U2, Bob Crewe, Fab Four, plus more

Bob Crewe died at the age of 83. You may not know the name – I’ll admit I did – but you surely know the songs.

u2If you’ve read this blog long enough, you know I can have some strong opinions. But with the U2/Apple thing, I feel ambivalent. On one level, I’m oddly entertained by people freaking out over Apple’s forced iTunes download of U2’s new album, and wonder if it’s just a first world problem. I particularly loved how it ruined someone’s “carefully curated collection.” I’m impressed how well the secret was kept, with the release date of the next U2 album still unclear to the media as of last month.
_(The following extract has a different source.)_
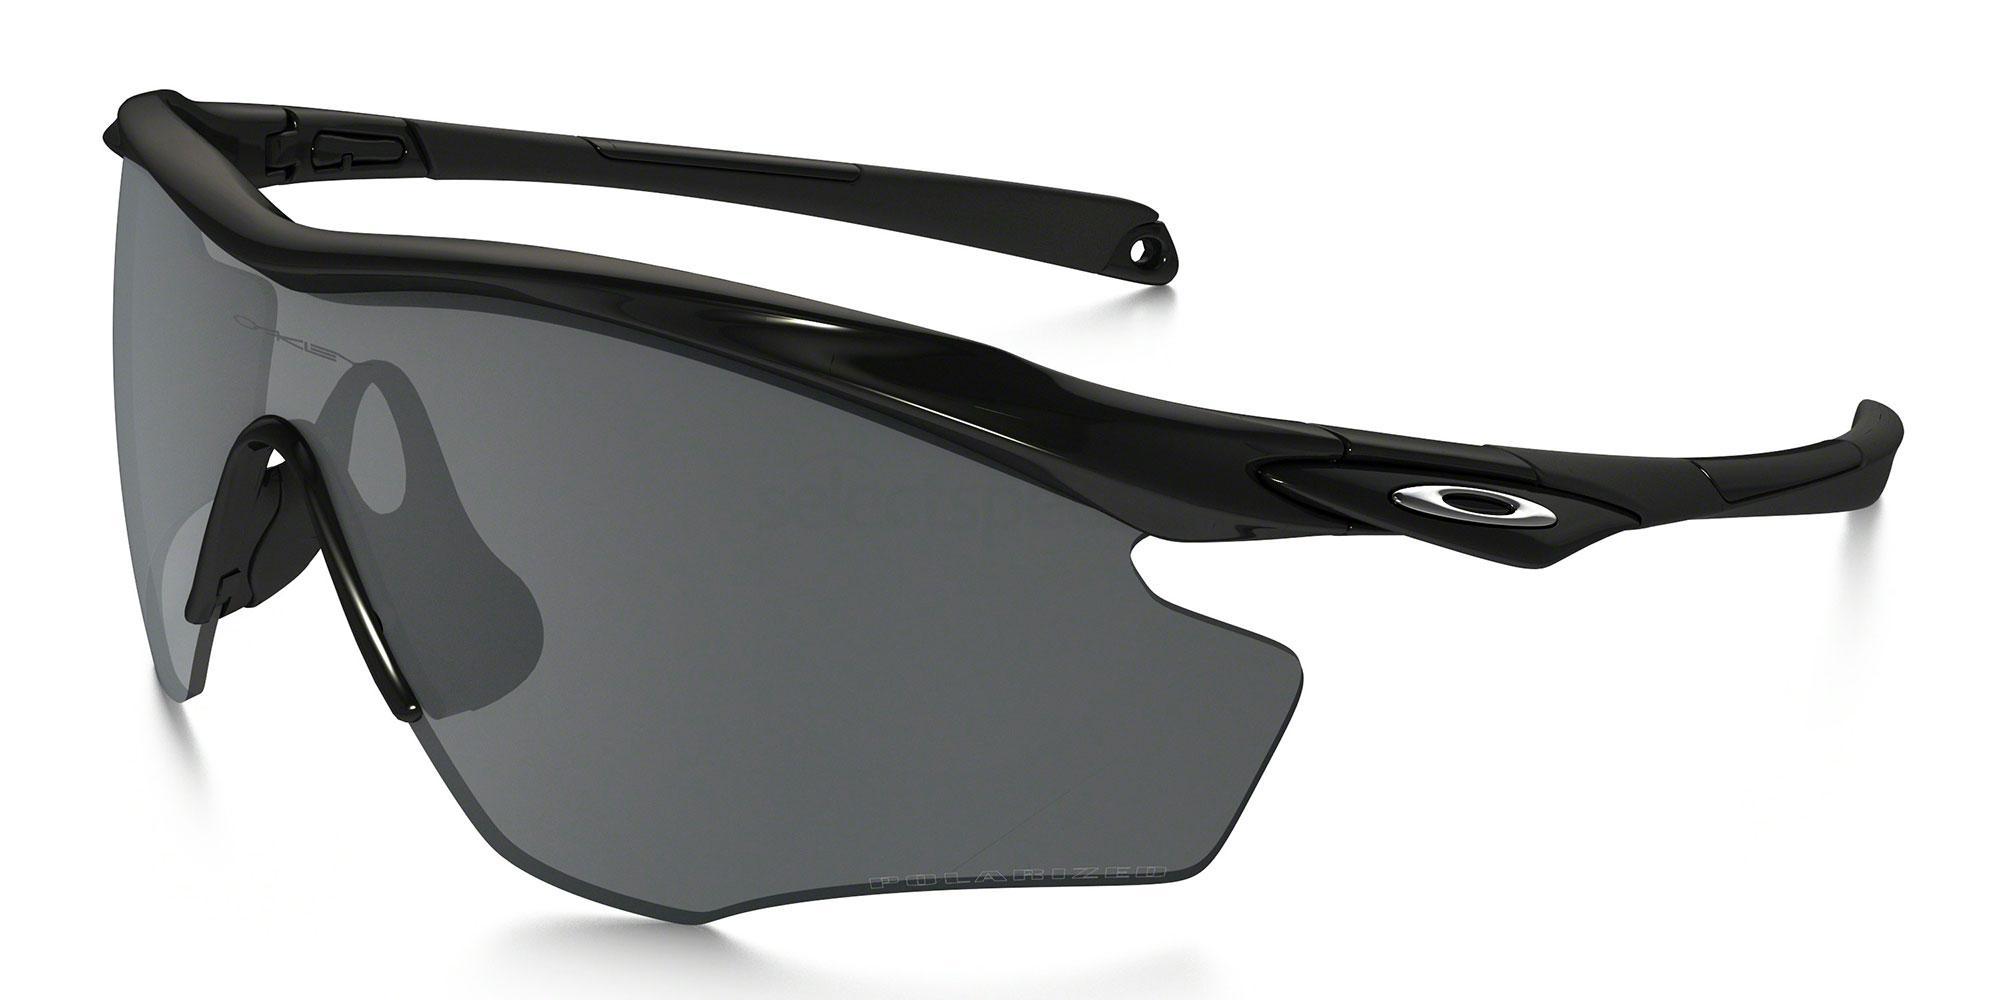 c9092b56a OO9343M2 934309 934301 934304 934305 934308. oakley oo9343 m2 frame xl  sunglasses

Then there’s the Why U2? contingent epitomized by this quote: “It’s true that Apple’s wine-drinking, plane-flying user base probably overlaps with U2’s cool-dad core audience more than most bands.” Ah, U2’s not cool enough; here’s the album should have given away instead, and maybe they’re right. Fortunately, I’ve read plenty of suggestions about how to delete it.

The result of this apparent misstep is that the album, Songs of Innocence, is crap. 24 hours after release, it was deemed the worst U2 album ever, as though one could decide something like that so quickly. I still haven’t hear the thing, so I have no opinion.

The bulk of the criticism, though, has to do with lack of choice in the matter, that was fascistically foisted upon millions of users. Maybe that’s true, I dunno. Read the Rolling Stone article about the event.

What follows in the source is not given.